When a relationship ends, the natural hope is that you will be able to separate your matrimonial and non-matrimonial assets fairly and amicably with your spouse or partner. It may be however, that there are some assets you feel strongly about protecting and attempting to retain.
What assets could I look to protect?
Whether it’s a business that you started, an inheritance received from your family or monies accrued following separation, or money/property owned prior to the marriage which has remained untouched, the source of a separating couples’ assets may be a good reason for departing from equality of division on divorce or dissolution. You should take legal advice early on, as to how you may best protect your interest in such assets.
The basis of the sharing principle is that marriage is regarded as an economic partnership where each party is presumed to have contributed to the economic or domestic well-being of the family. It follows that assets built up during the course of the marriage are normally regarded as matrimonial assets, capable of division. For example, such assets typically include the family home, monies saved, pensions contributed to or a business which has been started and built up during the marriage. This is particularly the case if spouses jointly hold shares in a family business.
Assets that are not the fruit of the matrimonial partnership may be regarded as non-matrimonial assets, and unless needs require it, could be ring-fenced from division. Inherited assets, a post-separation accrual or pre-marital holdings may commonly be considered as ‘non-matrimonial assets’ and may be dealt with differently from matrimonial assets.

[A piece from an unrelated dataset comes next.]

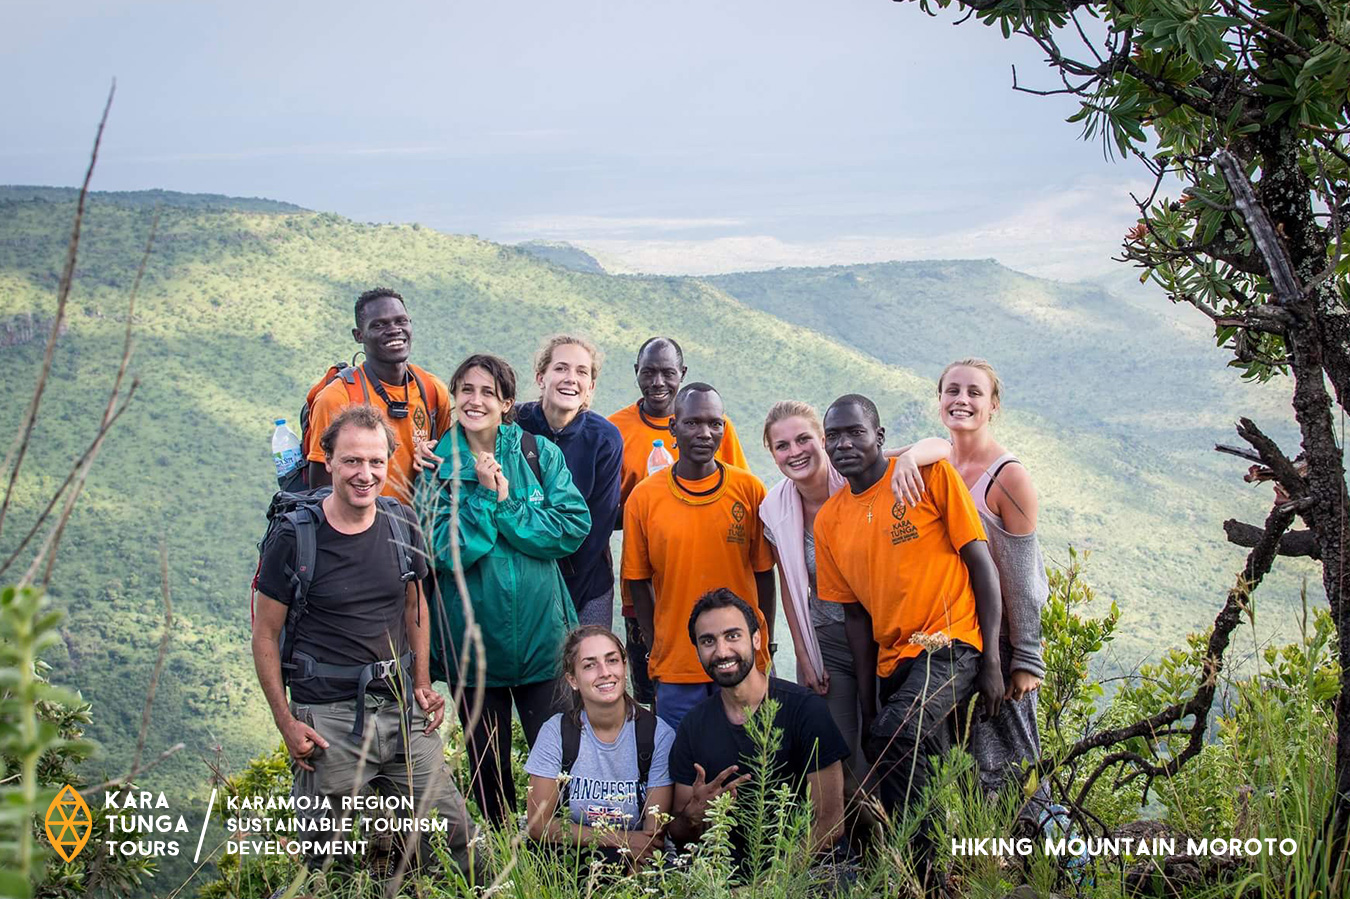 kara-tunga-karamoja-uganda-tours-hiking-trekking-mountain-moroto

In the case of inherited assets, their treatment will depend on when the inheritance was received and the extent to which it has been mingled with the other matrimonial assets. This can dictate whether the existence of the inherited assets should affect the division of assets. In the case of post-separation accrual, the relevant issues are the timing of the entitlement and the extent to which the accrual might be referable to marital partnership. In relation to pre-marital assets, the question will pin around whether those assets have then been used for the family benefit or whether they have remained untouched and not drawn upon.

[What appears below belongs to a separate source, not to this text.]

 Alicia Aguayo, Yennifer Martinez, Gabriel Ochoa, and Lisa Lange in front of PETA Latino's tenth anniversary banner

When separating your matrimonial and non-matrimonial assets is irrelevant
However, in many cases, the distinction between matrimonial and non-matrimonial assets may have little relevance if there is not enough capital available to meet both parties’ future needs adequately. The non-matrimonial origin of an asset will not override a needs-based claim and non-matrimonial assets can be shared if this is required to meet the parties’ and any children’s needs.

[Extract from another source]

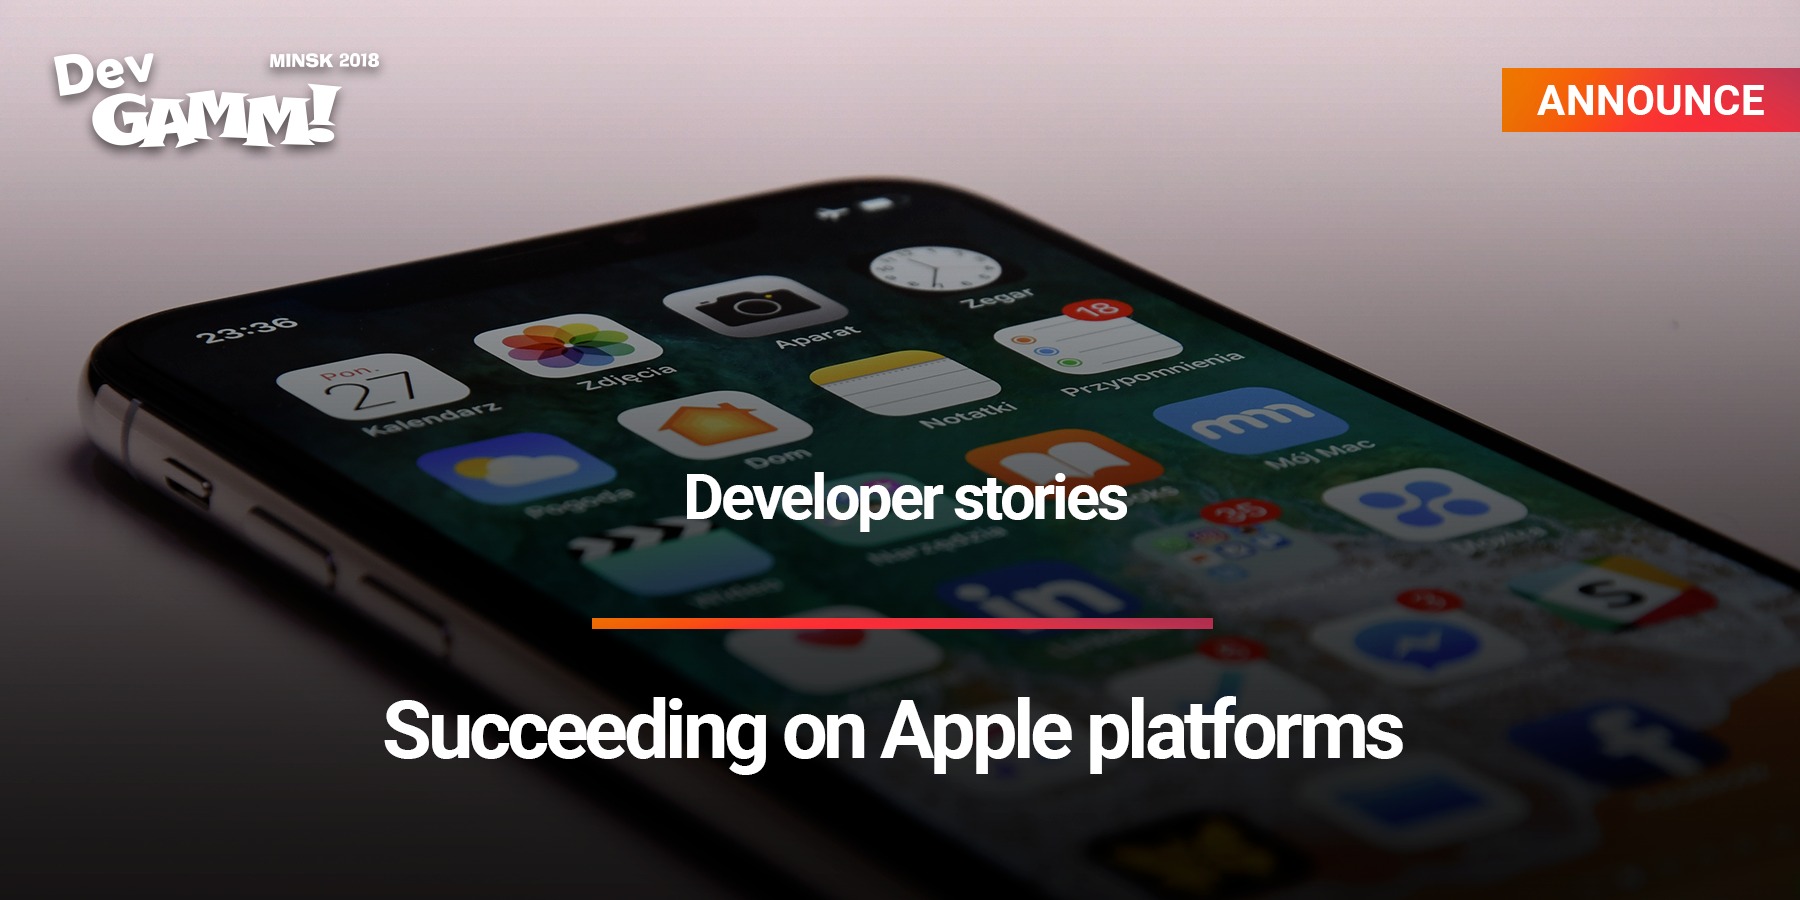 Succeeding on Apple platforms: developer stories

Help to clarify your position
It is important to identify your matrimonial assets and any potential non-matrimonial assets from the outset. You should consider the extent to which your non-matrimonial assets have been mingled with the matrimonial assets and how much money would be left over to meet your spouse or partner’s needs if your non-matrimonial assets were excluded from the communal and joint assets. Taking legal and financial advice upon separation can help to clarify your position and to explore the options available to you to protect and separate your matrimonial and non-matrimonial assets.